Later in the code, if we have the word2 "axolotl", we try to find which subarray of prefixes contains its prefixes. This check is done with `word2.starts_with(subarray_prefixes[0])`, but `"axolotl".starts_with("ant")` is false, and thus we wrongly think that there are no prefixes in `new_prefix_fst_words` that are prefixes of `axolotl`.

## StrStrU8Codec
I had to change the encoding of `StrStrU8Codec` to make the second string null-terminated as well. I don't think this should be a problem, but I may have missed some nuances about the impacts of this change.

## Requests when reviewing this PR
I have explained what the code does in the module documentation of `word_pair_proximity_prefix_docids`. It would be nice if someone could read it and give their opinion on whether it is a clear explanation or not. 
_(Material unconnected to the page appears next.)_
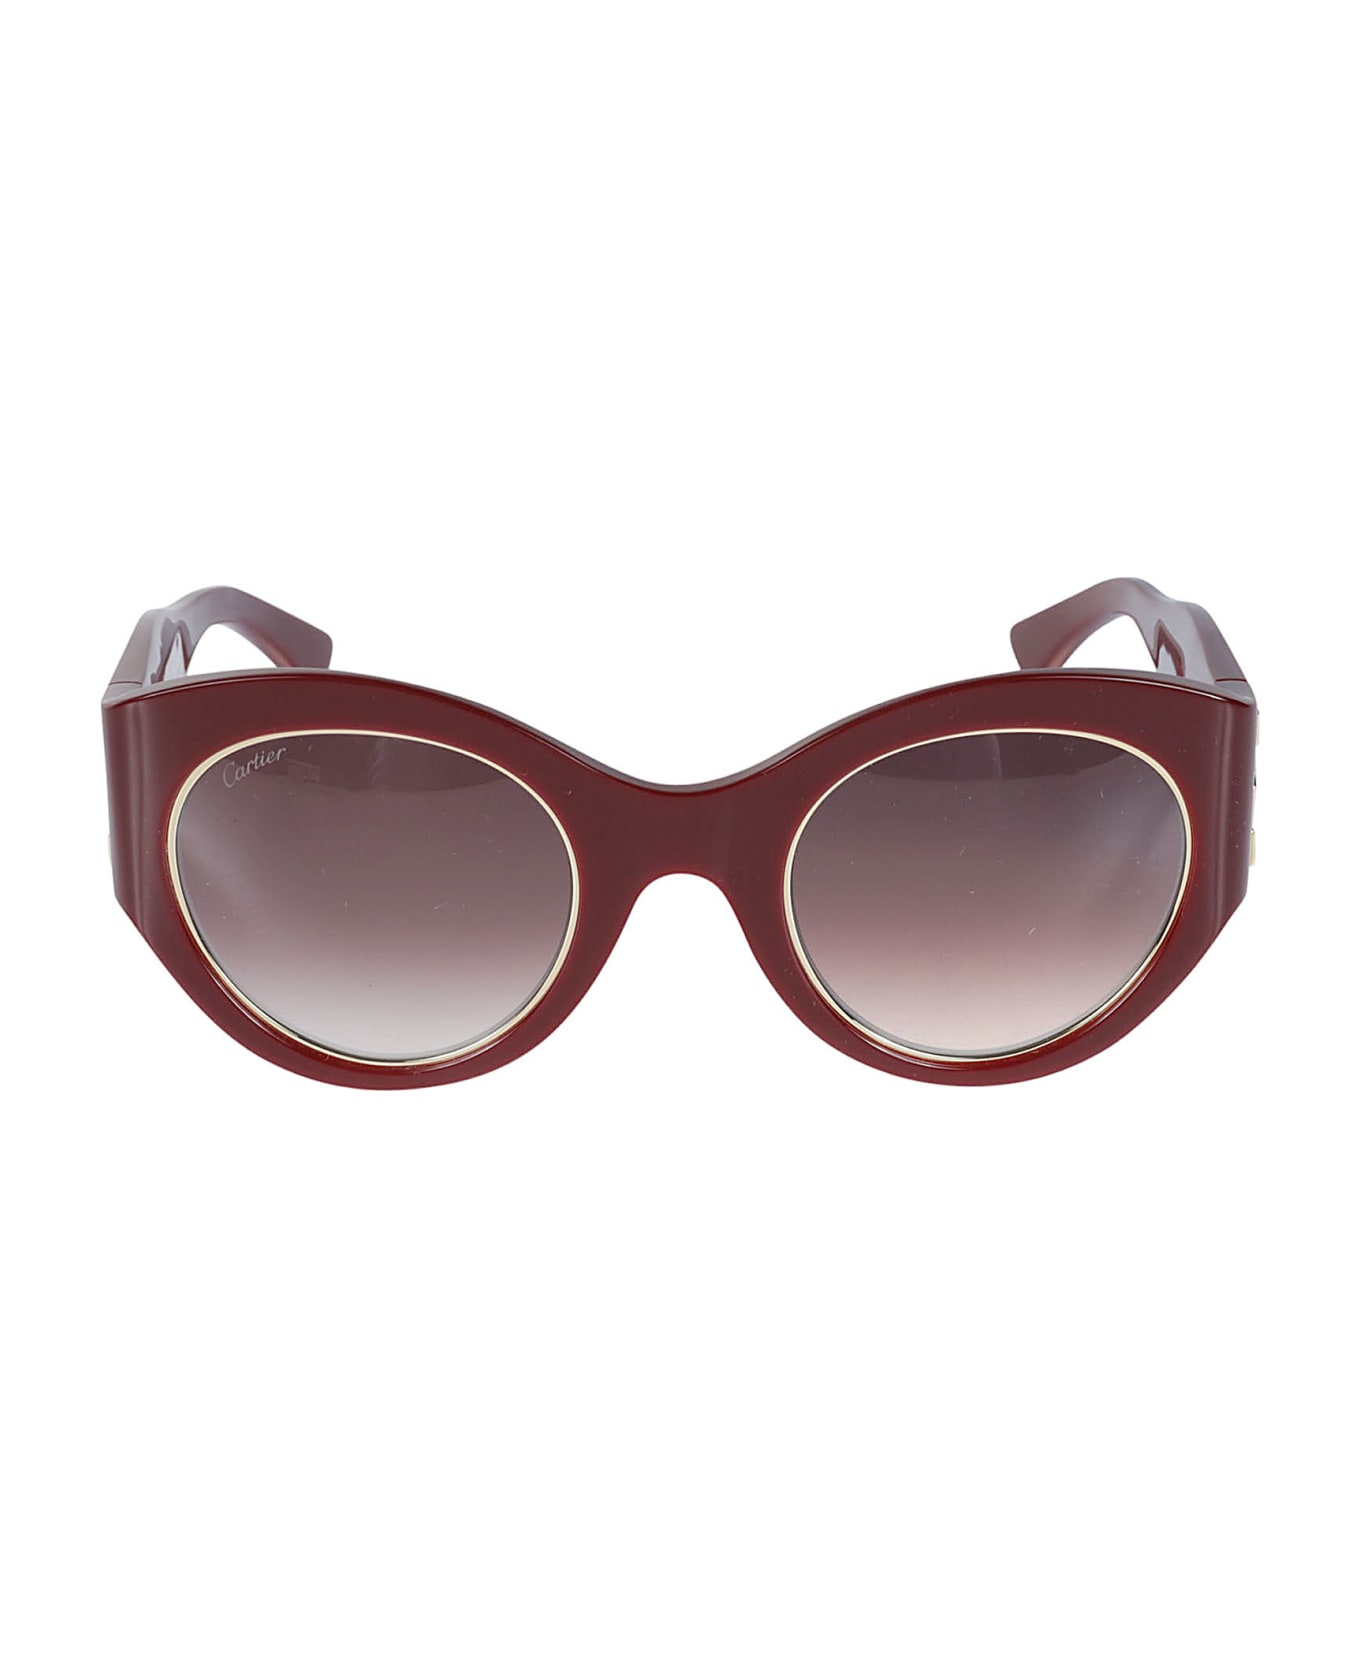 Cartier Eyewear Thick Round Sunglasses - 003 burgundy burgundy red サングラス
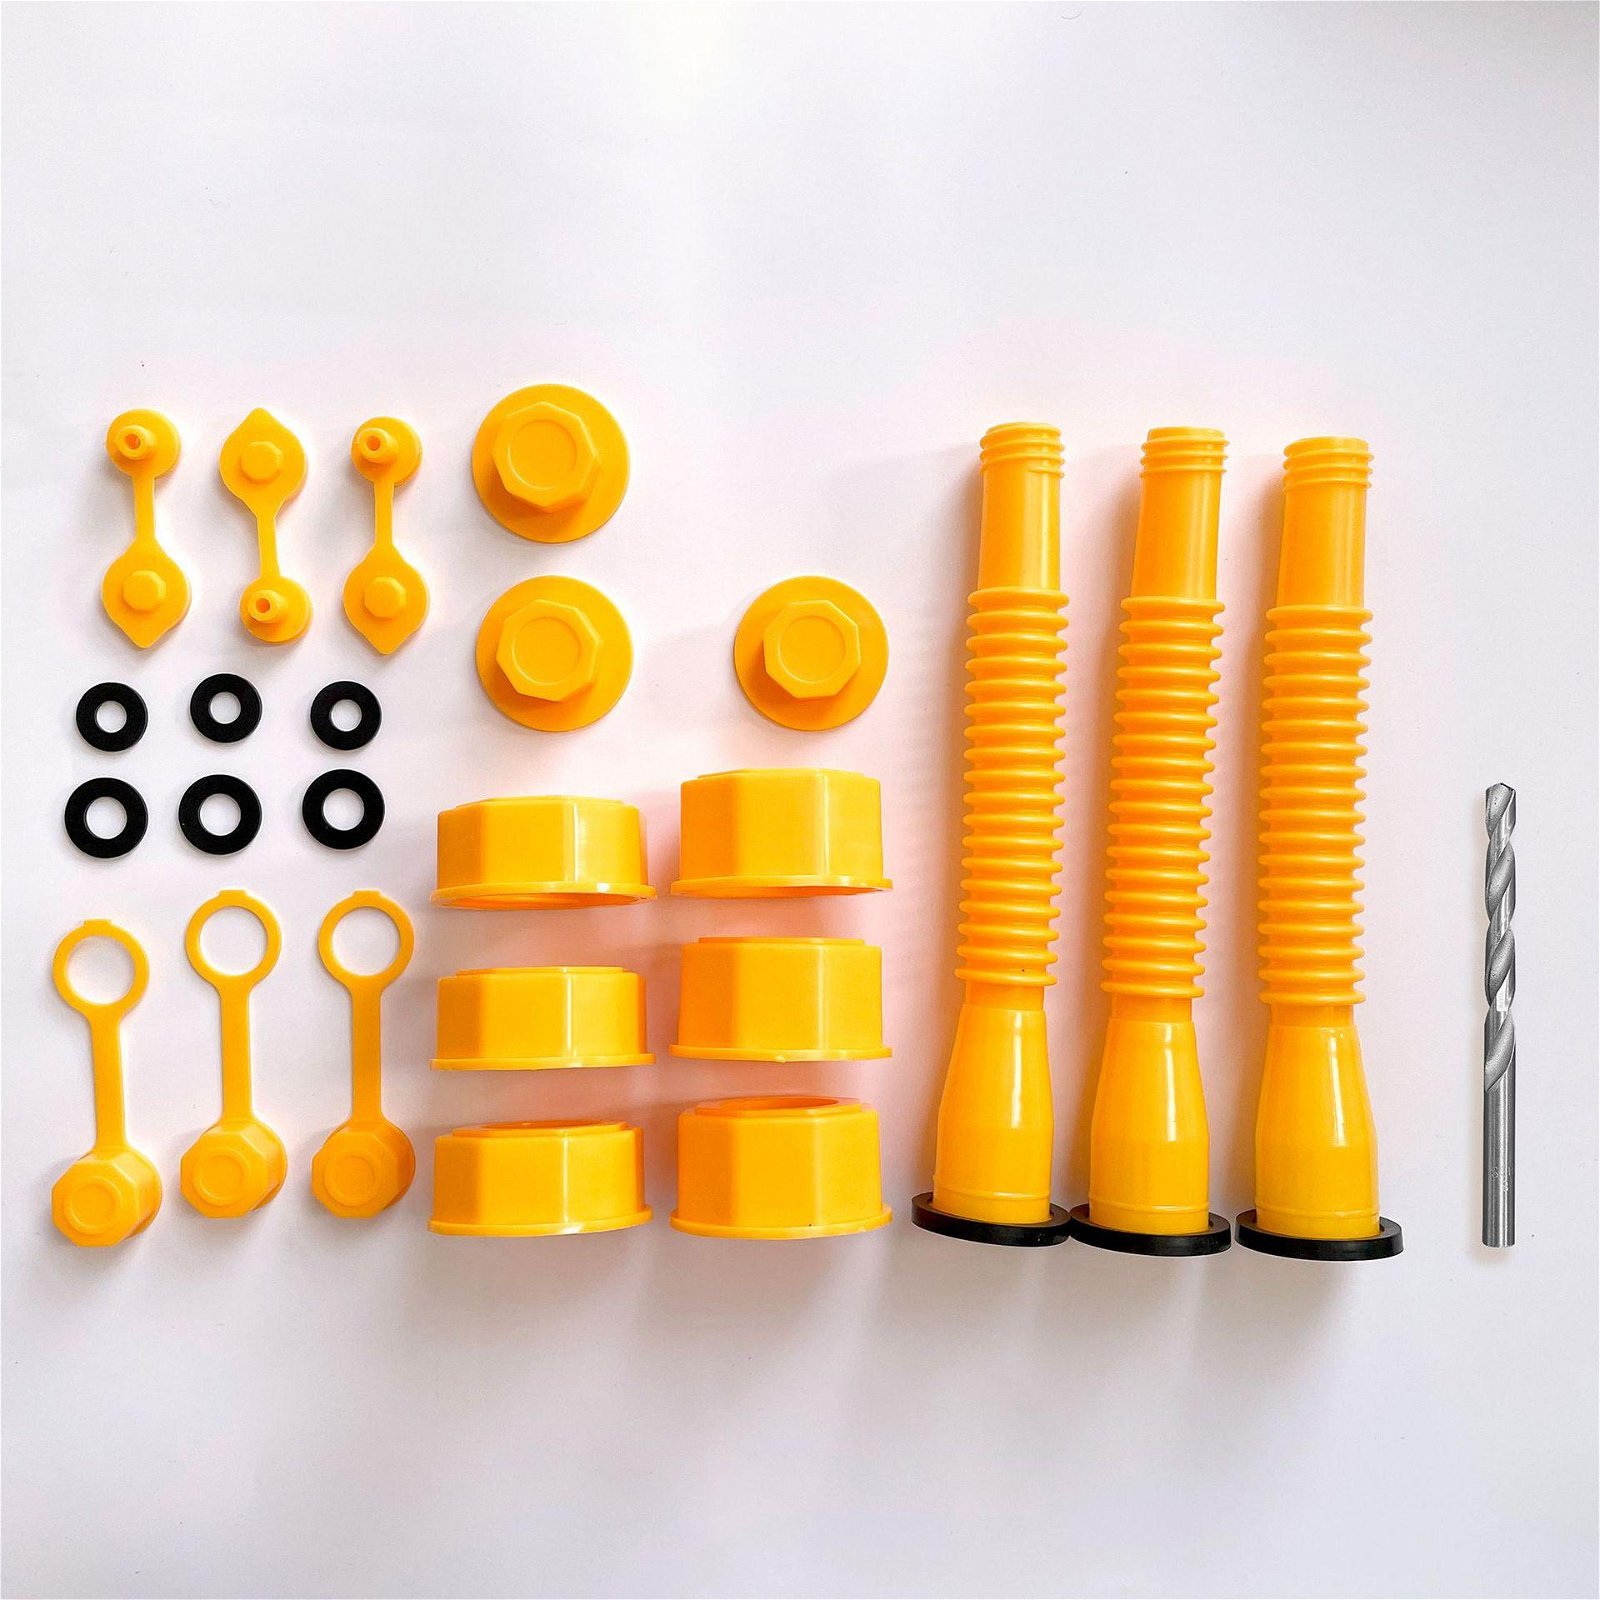 Gas Can Replacement Spout Kit Flexible Pour Nozzle with Gasket Stopper Caps Collar Caps Stripe Cap Spout Kit for Water Jugs

I also have a couple questions regarding the code itself:
- Should we clean up and factor out the `PrefixTrieNode` code to try and make broader use of it outside this module? For now, the prefixes undergo a few transformations: from FST, to array, to prefix trie. It seems like it could be simplified.
- I wrote a function called `write_into_lmdb_database_without_merging`. (1) Are we okay with such a function existing? (2) Should it be in `grenad_helpers` instead?

## Benchmark Results

We reduce the time it takes to index about 8% in most cases, but it varies between -3% and -20%.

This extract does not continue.